[[ SUPPLIED DATA open ]]

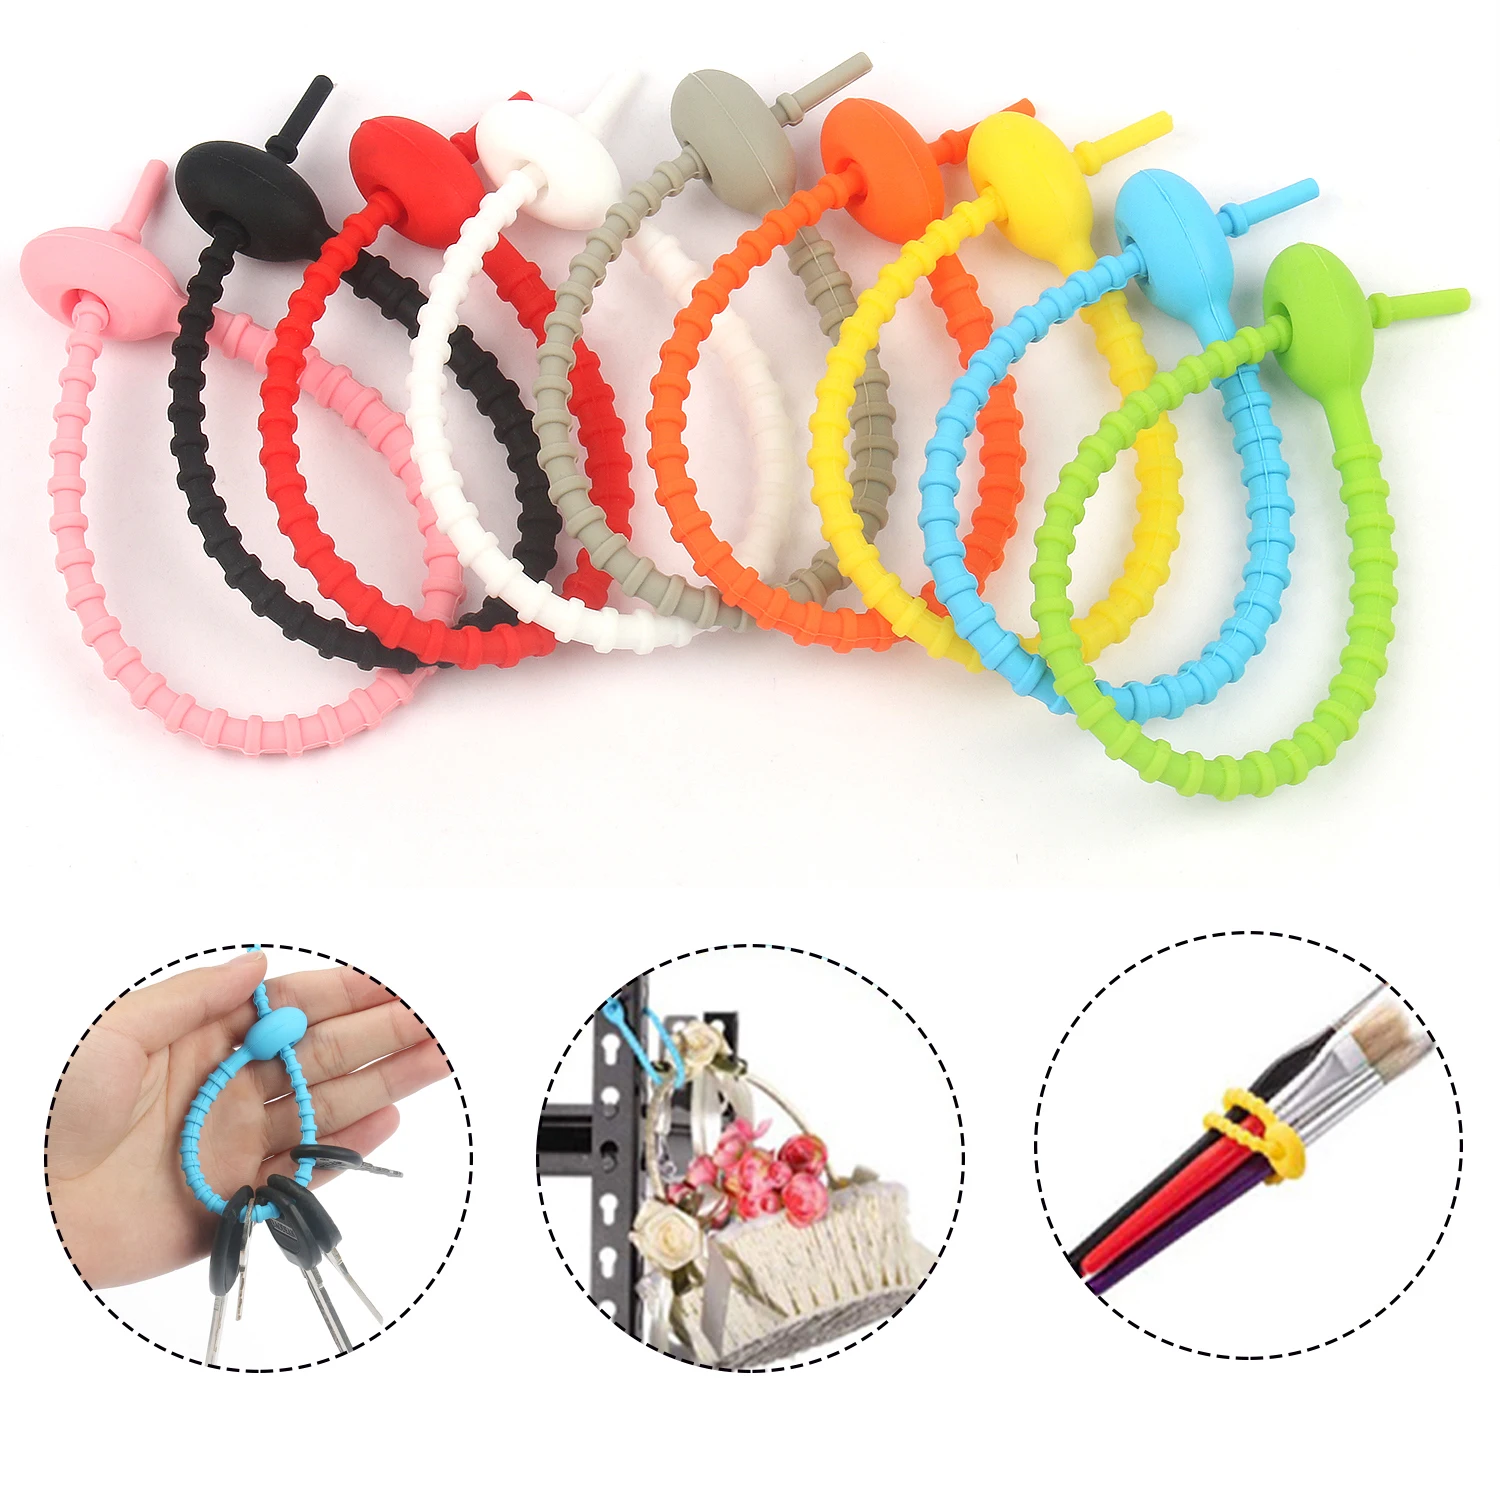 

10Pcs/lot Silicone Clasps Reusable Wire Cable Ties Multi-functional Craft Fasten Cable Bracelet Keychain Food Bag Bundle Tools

[[ SUPPLIED DATA closed ]]
[[ SUPPLIED DATA open ]]

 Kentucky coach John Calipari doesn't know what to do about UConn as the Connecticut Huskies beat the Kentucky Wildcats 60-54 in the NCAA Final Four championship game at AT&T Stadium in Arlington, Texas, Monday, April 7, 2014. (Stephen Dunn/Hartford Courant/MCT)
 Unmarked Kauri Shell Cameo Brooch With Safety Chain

[[ SUPPLIED DATA closed ]]
[[ SUPPLIED DATA open ]]

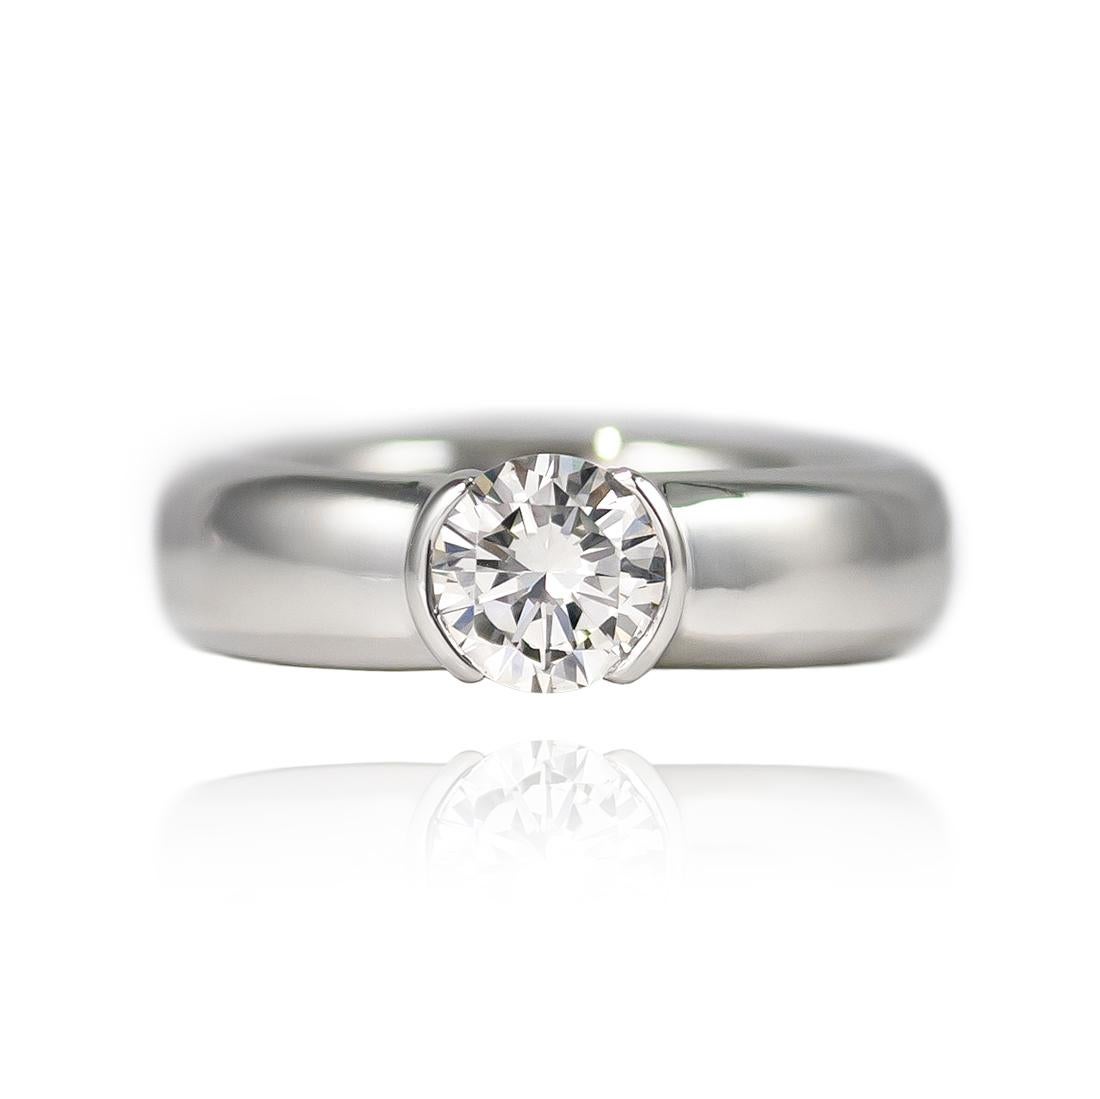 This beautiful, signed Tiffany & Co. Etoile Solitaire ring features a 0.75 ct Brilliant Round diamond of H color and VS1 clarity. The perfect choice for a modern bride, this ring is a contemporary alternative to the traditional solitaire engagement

[[ SUPPLIED DATA closed ]]

TRY IT >>
For the material above, reproduce exactly the lines from the line with "Kentucky coach John" to the line with "Unmarked Kauri Shell", inclusive, and exclude all others.

RESPONSE >>
 Kentucky coach John Calipari doesn't know what to do about UConn as the Connecticut Huskies beat the Kentucky Wildcats 60-54 in the NCAA Final Four championship game at AT&T Stadium in Arlington, Texas, Monday, April 7, 2014. (Stephen Dunn/Hartford Courant/MCT)
 Unmarked Kauri Shell Cameo Brooch With Safety Chain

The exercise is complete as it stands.